Anthropic co-founder Jack Clark said it plainly in a recent interview: there is no natural stopping point for this technology. It is going to keep getting better and the changes it brings are going to keep compounding with the rest of society. That is not a warning against adoption. It is a description of the environment. The environment does not have a pause button. The question is whether the people inside it are building with any awareness of what the pattern has done every time before.
The answer, so far, is no. Not meaningfully. Organizations that value work-life balance report 28 percent lower mental fatigue among their workers, according to the same BCG research. The simple organizational permission to step away is one of the most significant protective factors in the data. That finding should be unremarkable. It is instead a finding, which means the baseline assumption in most organizations is the opposite: AI adoption means more output, not the same output with more space around it.
The worker who gets brain fry is actually burning out less than peers who are less engaged with AI. They are over-engaged, not checked out. The intervention is not less AI. It is recovery time, clearer limits, workflows that treat human attention as a finite resource rather than a variable to be optimized upward. Brain fry is acute and recoverable. Step away and it dissipates. That reframe matters: this is not a verdict against AI. It is a design brief. The problem is solvable. The organizations solving it are the ones that decided the human behind the tool was worth engineering around.
This Is About You
You are reading this, which means you are probably using AI tools. You are probably using more of them than you were a year ago. You may have noticed something shifting in how your days feel, not the output, which may be higher, but the texture of the work itself. The managing. The checking. The sense that the loop of reviewing and approving and redirecting has quietly become the job, and the job has become harder to locate underneath it.
Ask the question the BCG study is really asking: what are you delegating, and what did delegation cost you? Not in hours. In attention. In the particular kind of thinking that happens when you are fully inside a problem rather than supervising the thing inside the problem. Is that thinking still happening? Do you know where in your day it lives?

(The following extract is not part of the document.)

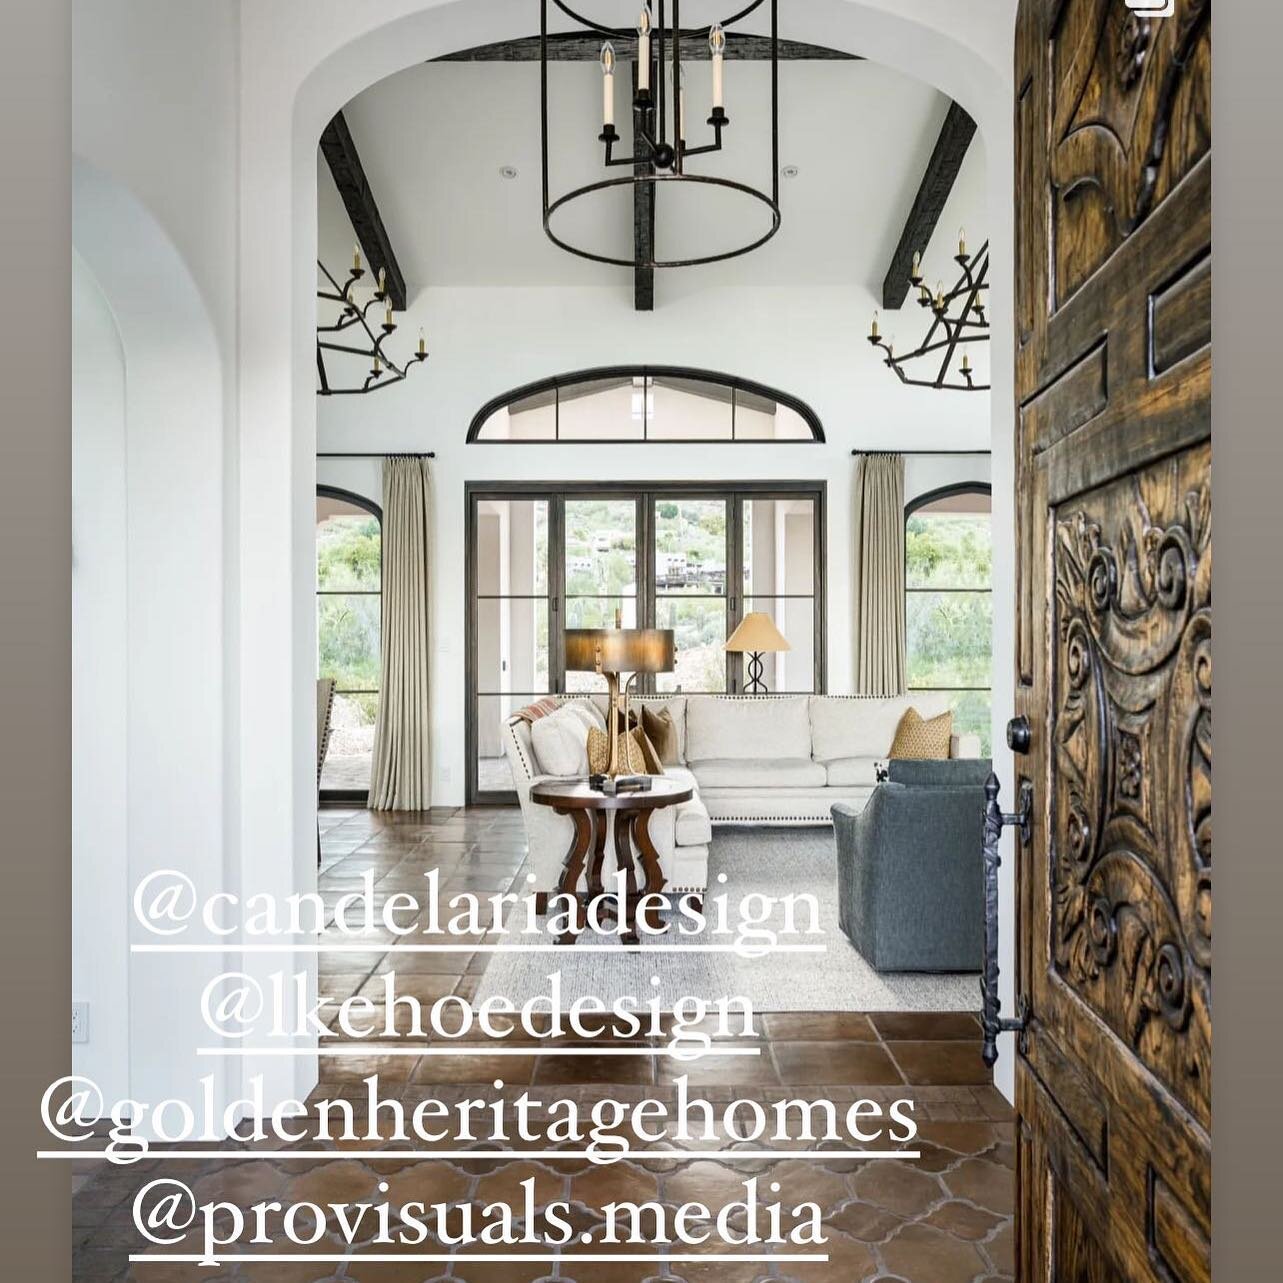 @provisuals.media Beautifully captured this hacienda style home. We created this stunning front door with hand carving as well as the carved vanity and hand forged iron hood. We worked with a very talented team @candelariadesign @goldenheritagehomes

Or has the management of output crowded out the production of thought?
That question is not an argument against the tools. It is the argument for using them deliberately rather than at the pace the culture is setting. The culture is setting a pace calibrated to token consumption and lines of generated code. It is not calibrated to you.
The Terrain Lens — Applied
Pick one AI tool you use regularly. Not all of them. One.

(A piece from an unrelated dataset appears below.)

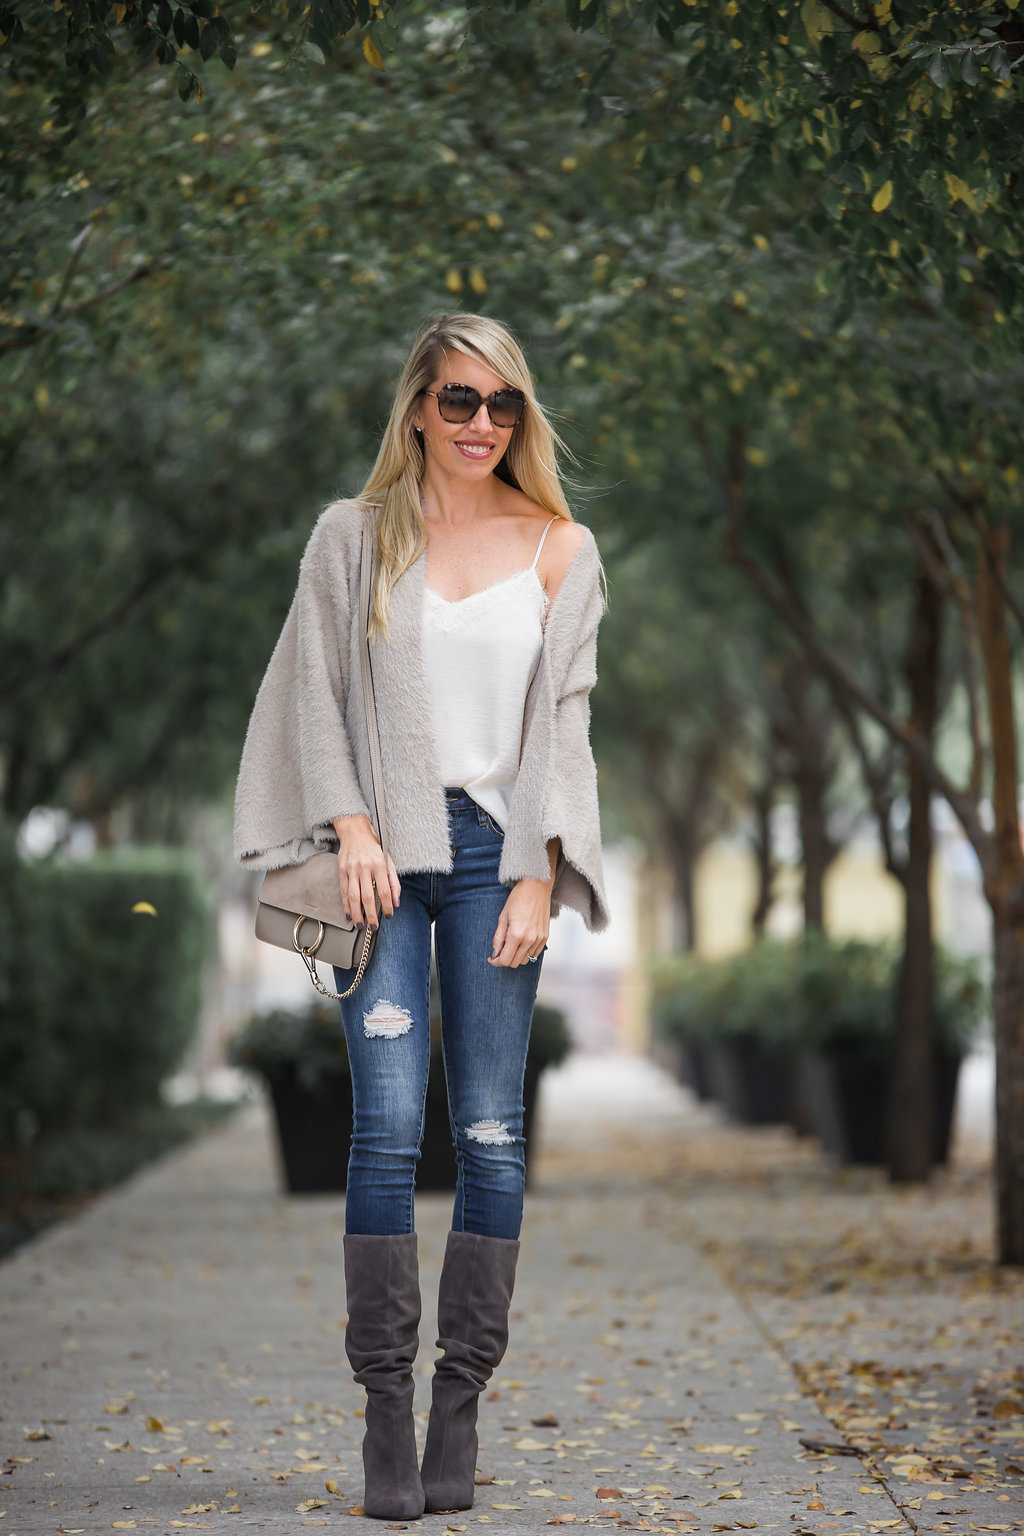 cozy neutral cardigan worn with grey suede boot and a lace cami

Track how you use it for a single day. Not the output it produces. The attention it requires. Every time you check what it generated, every redirect you issue, every output you review and approve or reject, every moment you are managing it rather than doing the thing it is supposed to be doing for you. Add it up at the end of the day.

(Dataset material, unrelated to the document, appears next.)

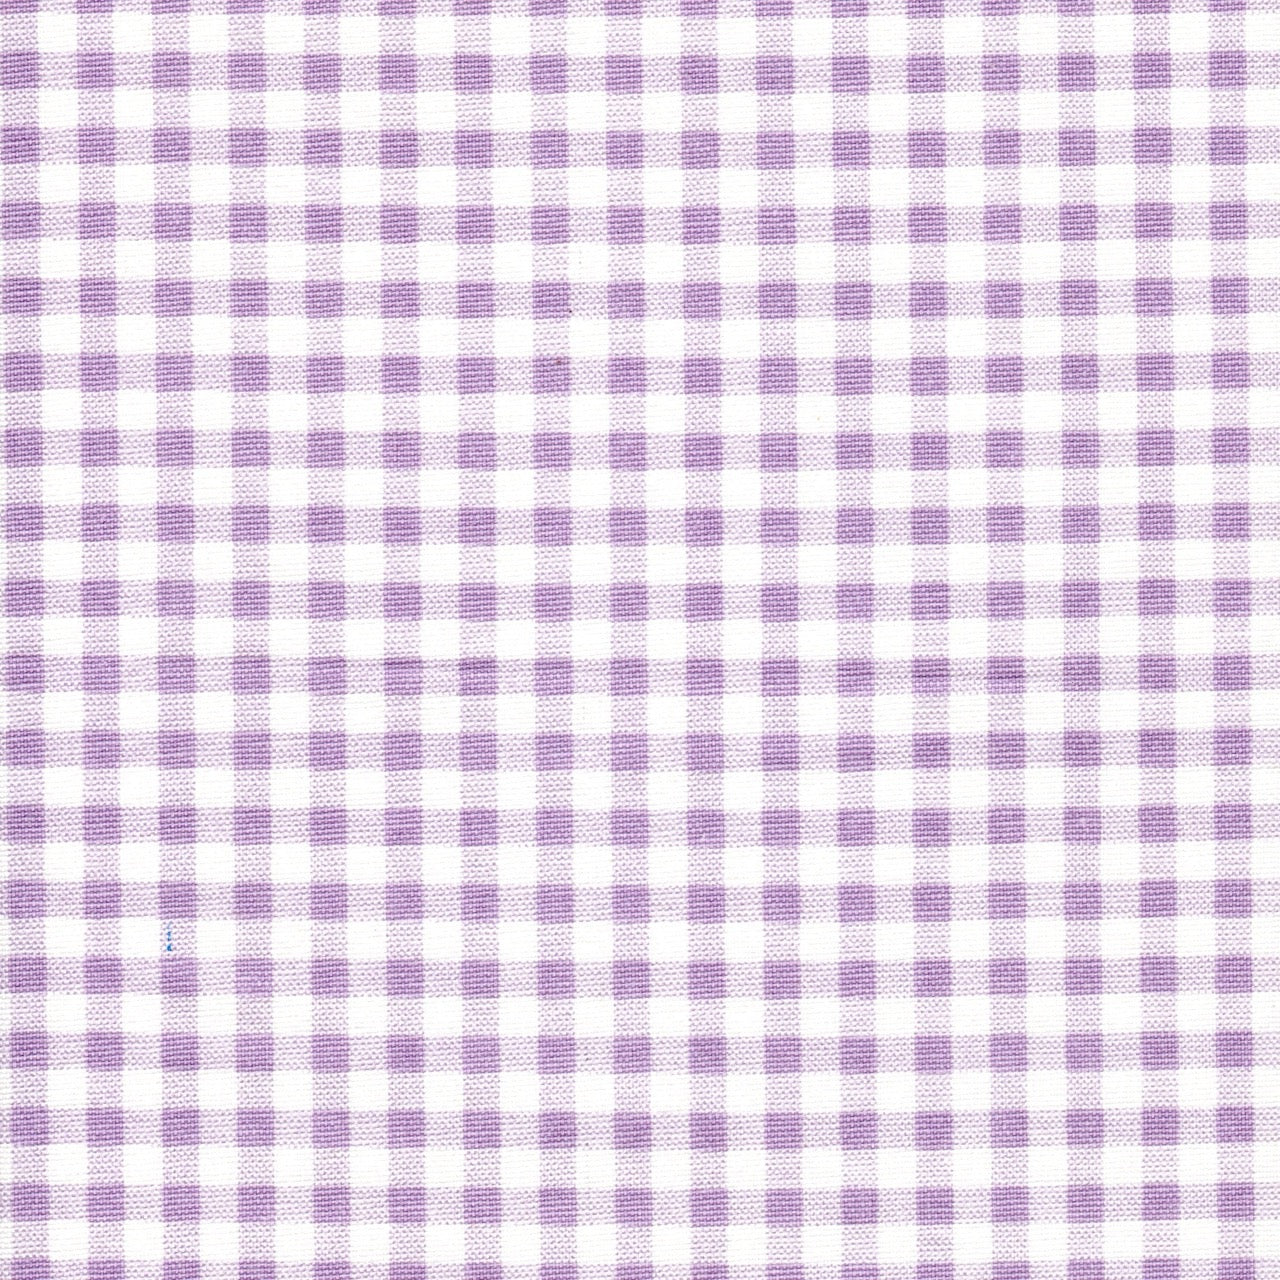 Shower Curtain in Orchid Large Gingham Check on White

Then ask: is the attention this tool requires less than the attention the task would have required without it? Not the time. The attention. The quality of cognitive engagement per unit of work produced.
If the answer is yes, the tool is working. If the answer is unclear, or no, you have found your brain fry threshold. The technology did not tell you where it was. It was never going to. That is your job, and it has always been your job, with every tool every wave has delivered.
The promise was delegation. The reality is a negotiation. It has always been a negotiation. The workers who come out of this wave intact are the ones who figured that out before the tools figured them out.